Given the WHO’s ambitious global targets, investing in cervical cancer programs now is critical to successful elimination. We need to rally support from private individuals, foundations, and corporations to help organizations like PSI reach these targets and save women and girls from dying from this preventable disease.

What has been the most exciting development in the health area that makes you hopeful?
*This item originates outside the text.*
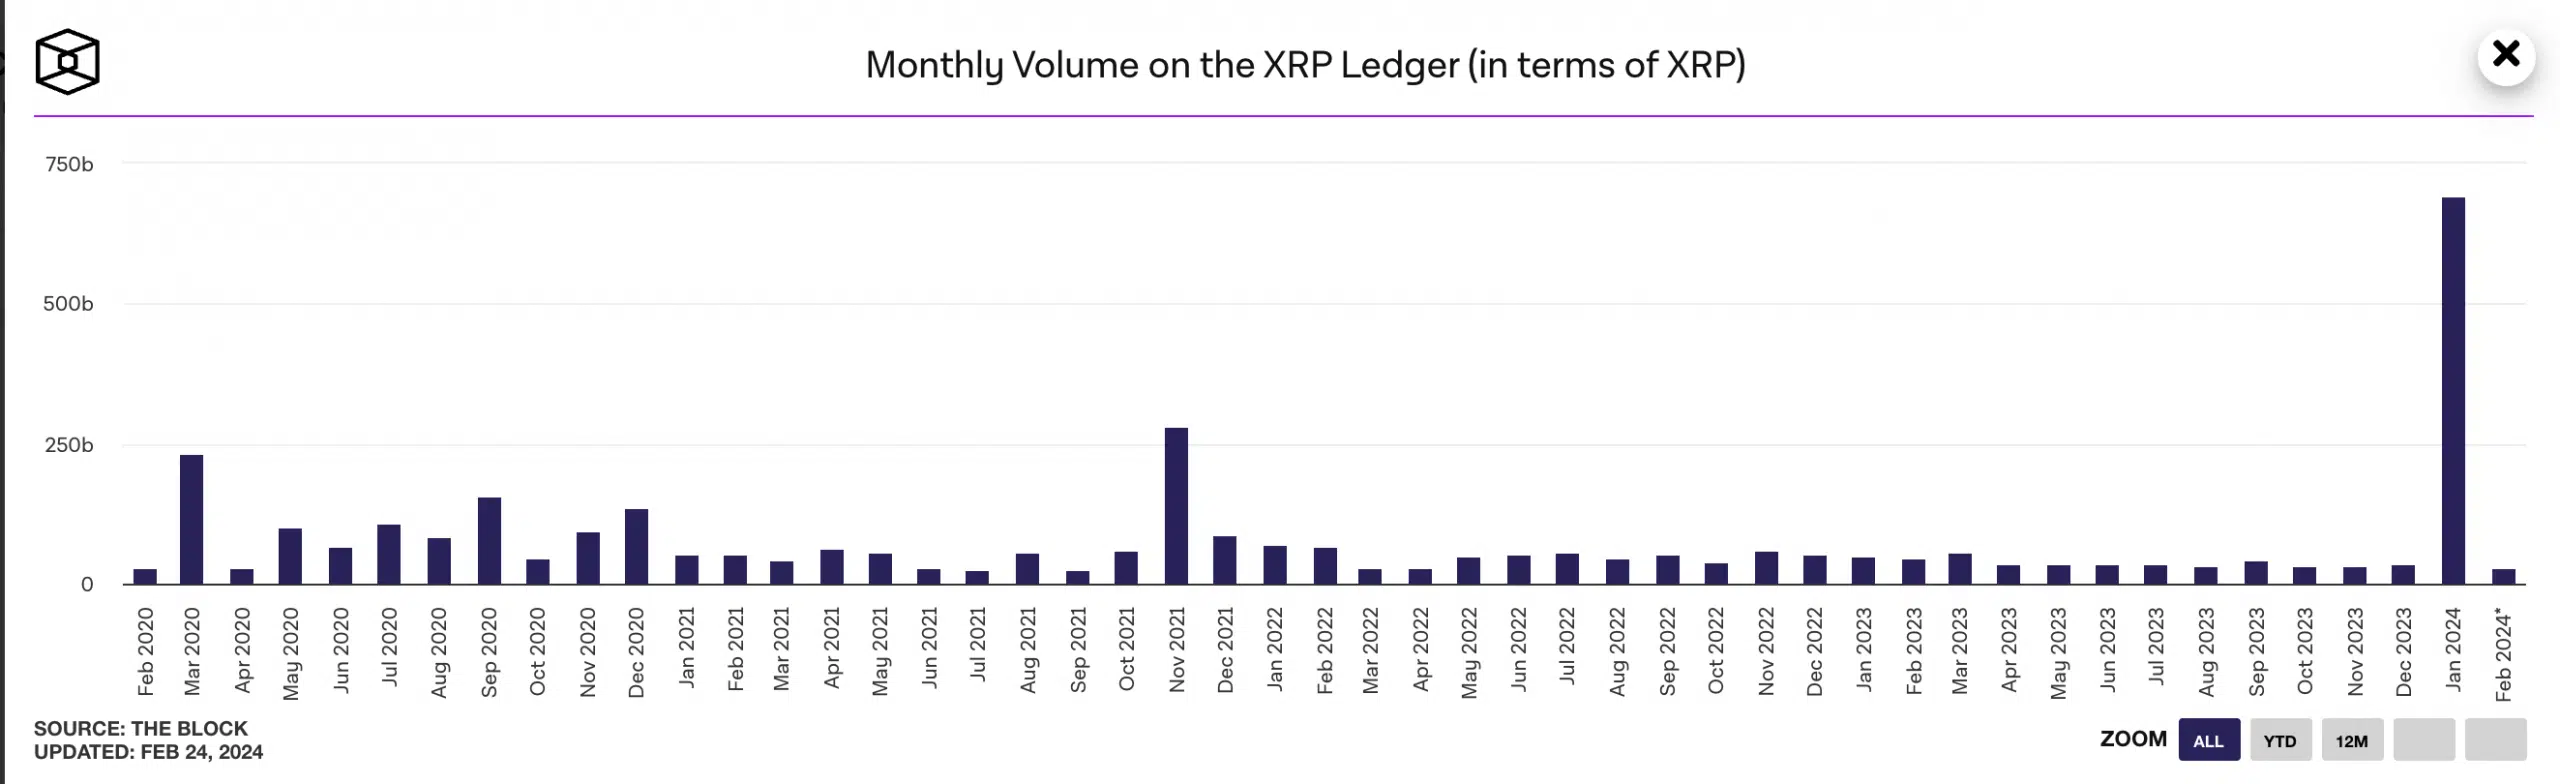 XRPL Monthly Volume

Kathy: There are so many promising things happening in the field of cervical cancer prevention! For example, last year the World Health Organization released guidelines for treating precancerous cervical lesions with thermal ablation, which many health care providers find less burdensome than the alternative technique of cryotherapy. Thermal ablation will help providers reach more women to prevent cervical cancer. Another exciting development is digital imaging to support cervical screening, which not only assists providers in visualizing the cervix, but also enables image review by offsite experts, as well as machine-aided assessment of digital cervical images (Automated Visual Evaluation or AVE).

Julia: PSI is achieving remarkable impact around the world – to date, more than 1.4 million women have been screened and more than 24,000 women have been treated for pre-cancerous lesions. Misperceptions about the vaccine are being mitigated by effective behavior change communications campaigns, which we’ve seen in action through our project in Trinidad. Parents are learning about the importance of the vaccine alongside the supportive voices of community leaders and religious figures.
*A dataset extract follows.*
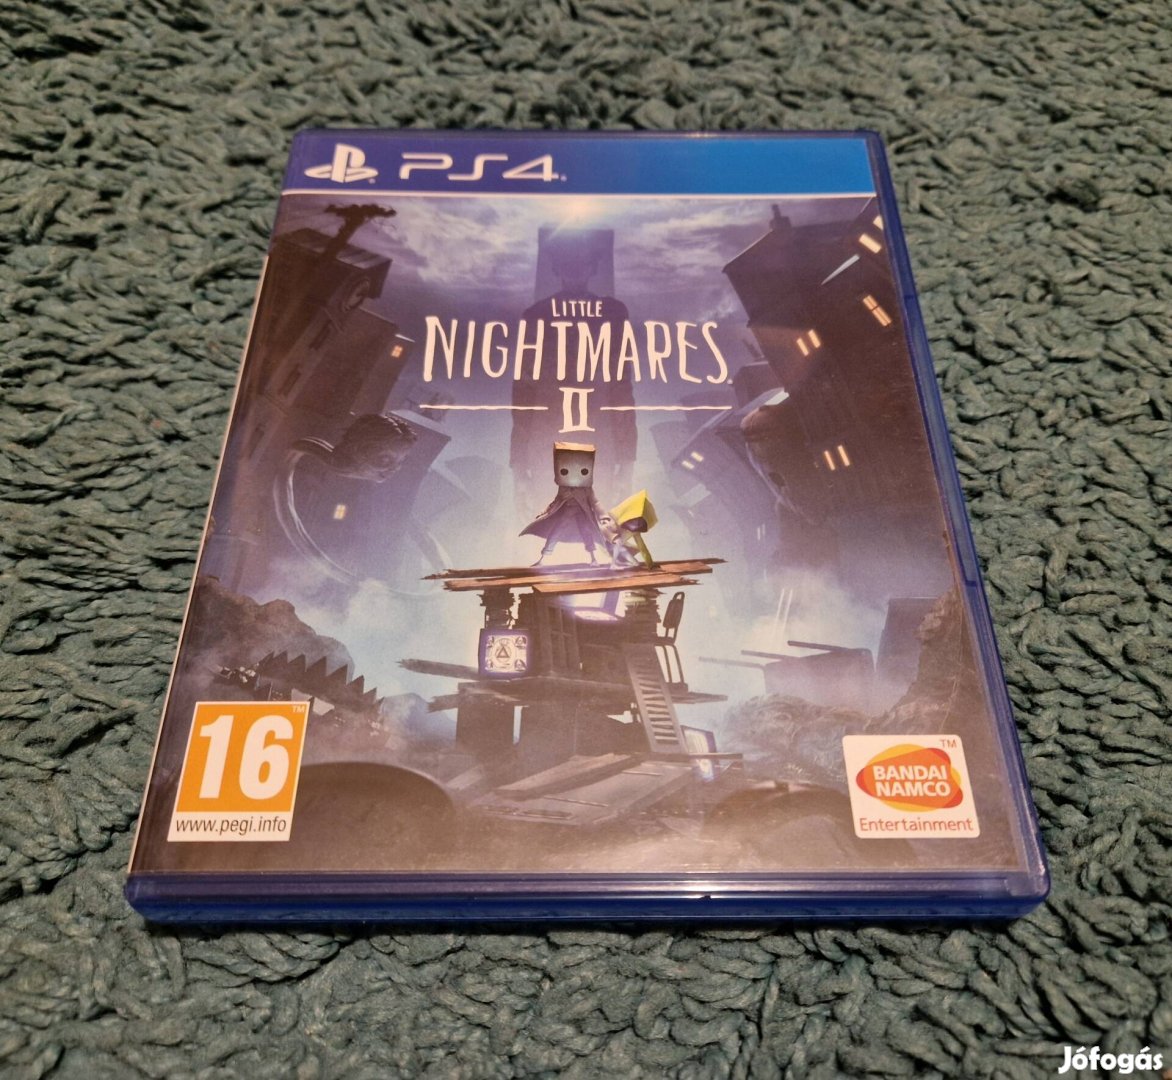 Little Nightmare 2 PS4

As the vaccine has also been added to the government’s vaccine schedule for youth in Trinidad, we believe we’ll begin to see an increase in uptake – preventing a generation of young people from developing this disease in the Caribbean.
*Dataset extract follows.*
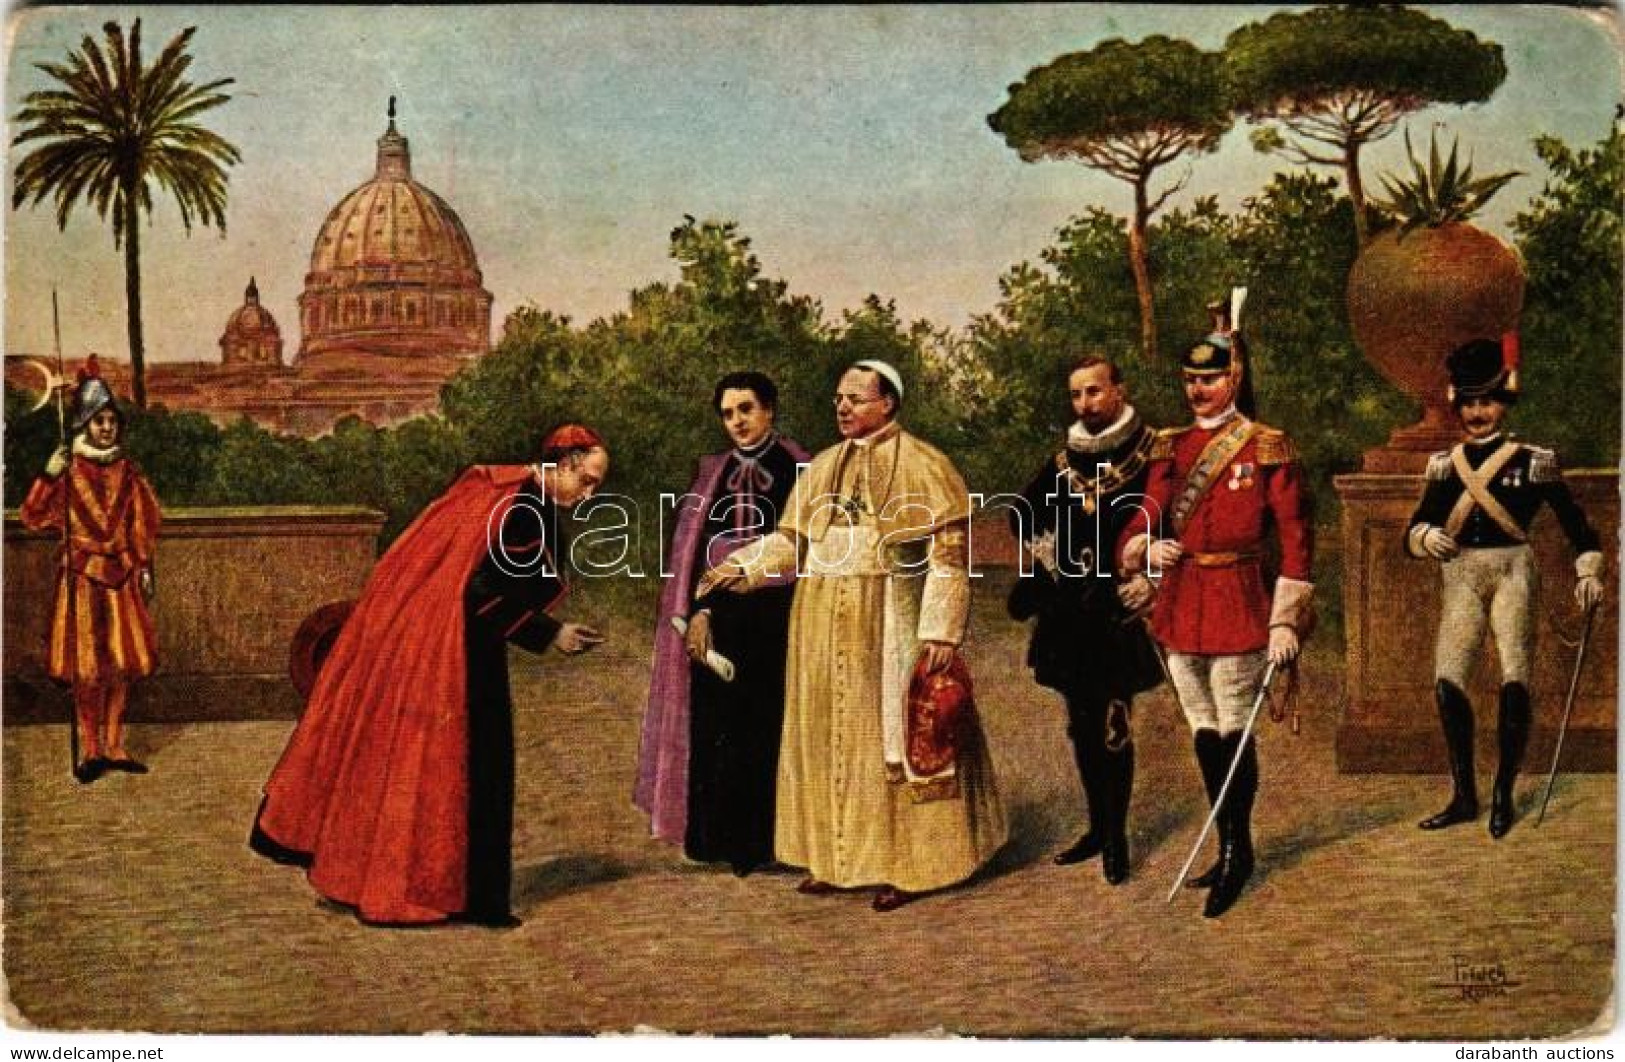 ** T2/T3 S. S. Pio XI E La Sua Corte Nei Giardini Vaticani / Pope Pius XI And His Court In The Vatican Gardens (EK) - Ohne Zuordnung

What do you see changing in the health area over the next 10 years? 

Kathy: Innovations like using artificial intelligence to detect cervical precancer will continue to evolve and improve over time, meaning more cases of cervical cancer will be averted. But in addition to improved tools to fight cervical cancer, I’m excited about the increasing attention to the global burden of the disease. This year, for example, the WHO will approve a strategy to eliminate cervical cancer as a global public health issue, as Julia mentioned. Imagine that: with enough political will and resources, we can eliminate a deadly form of cancer! In the next ten years, the world can move decisively and measurably down that path.

What can others do to support accomplishing the WHO’s Elimination agenda?

Kathy:  The effective, low-cost approaches to achieve the WHO elimination strategy targets already exist, and new solutions are on the horizon. Our challenge is to put the solutions into the hands of providers such that every woman has access to them, and for that, more financial resources are needed. Funders should invest in cervical cancer prevention programs, and renew and increase commitments to Gavi and the Global Fund, to support access to HPV vaccination and cervical cancer screening and treatment. Governments in low- and middle-income countries should continue to expand HPV vaccine and screen-and-treat programs and develop budgeted national cancer control plans that incorporate cervical cancer prevention programs. Vaccine suppliers should increase investments in manufacturing capacity to ensure sufficient supply, and work with procurers to support fair pricing. And all of us can be advocates for those players to do their part.

Julia: We’re close – but still have so much work to do if we want to see a cervical cancer-free generation. It’s going to take new investors who are willing to support the work of organizations like PSI that are working to rapidly achieve these goals.

Currently, PSI is seeking funds to support countries that have innovative solutions to accelerate achievements in cervical cancer prevention globally. Funding will go toward:

  1. Supporting communication efforts for the rollout of HPV vaccine under the National Expanded Program on Immunization.
  2. Expanding integration of cervical cancer programming within our existing sexual and reproductive health (SRH) and HIV programs.
  3. Evaluating new ‘screen and treat’ technologies for health impact and scale, and sharing these learnings.

Originally posted on TogetHER for Health’s website.